AP-HP (Assistance Publique-Hôpitaux de Paris), Department of Nephrology and Transplantation, Rare French Disease Centre "Idiopathic Nephrotic syndrome", Henri-Mondor/Albert-Chenevier Hospital, Créteil, France.
Inserm U955, Team 21, DHU VIC, Paris-Est University, Créteil, France.
Br J Haematol. 2019 Dec;187(5):676-680. doi: 10.1111/bjh.16113. Epub 2019 Jul 26.

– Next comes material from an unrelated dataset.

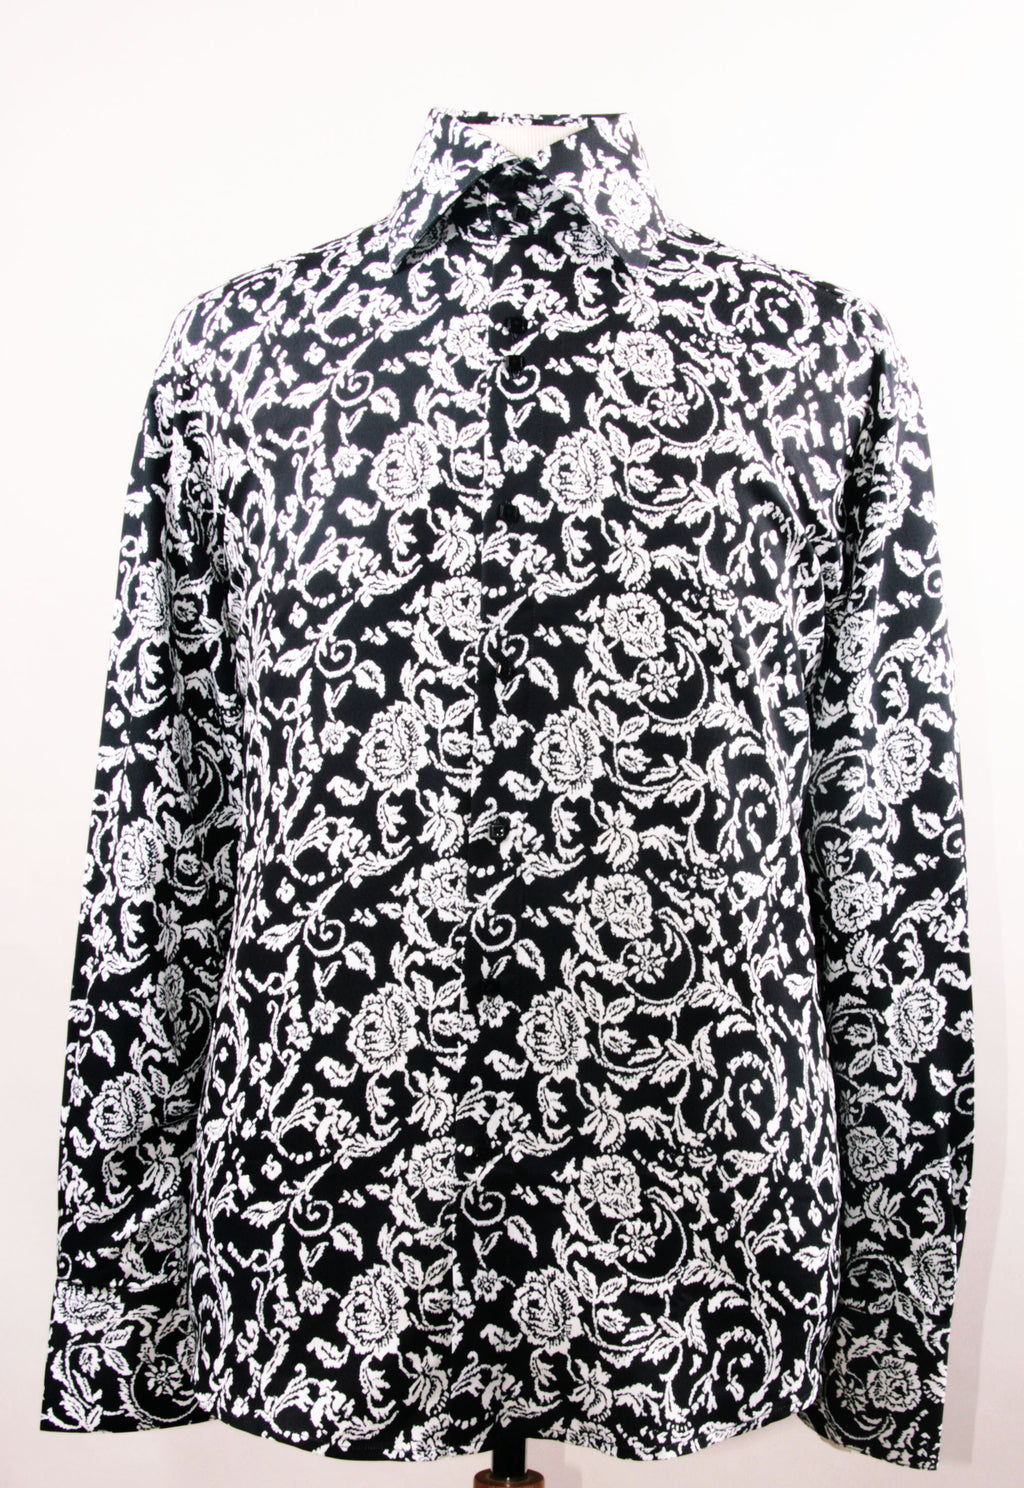 Dress Shirt Regular Fit Paisley Pattern In Black/White | Men's Fashion

The prognosis of sickle cell disease (SCD) patients who need dialysis is poor, but experience with kidney transplantation is limited. This study assessed the characteristics of 36 SCD patients undergoing renal transplantation. Immediate post-surgical complications occurred in 25% of cases. Cytomegalovirus and bacterial infections were frequently observed. Twelve patients died after a median follow-up period of 17·4 months. Overall patient survival was significantly lower in SCD than in the control group without significant difference for overall death-censored graft survival. Our data suggest that renal transplantation should be systematically considered in SCD patients with end-stage renal disease.
镰状细胞病(SCD)患者需要透析的预后较差,但肾移植经验有限。本研究评估了 36 例接受肾移植的 SCD 患者的特征。术后立即发生并发症的占 25%。巨细胞病毒和细菌感染很常见。12 例患者在中位随访 17.4 个月后死亡。总体患者生存率在 SCD 组显著低于对照组,但总死亡 censored 移植物生存率无显著差异。我们的数据表明,对于终末期肾病的 SCD 患者,应系统考虑肾移植。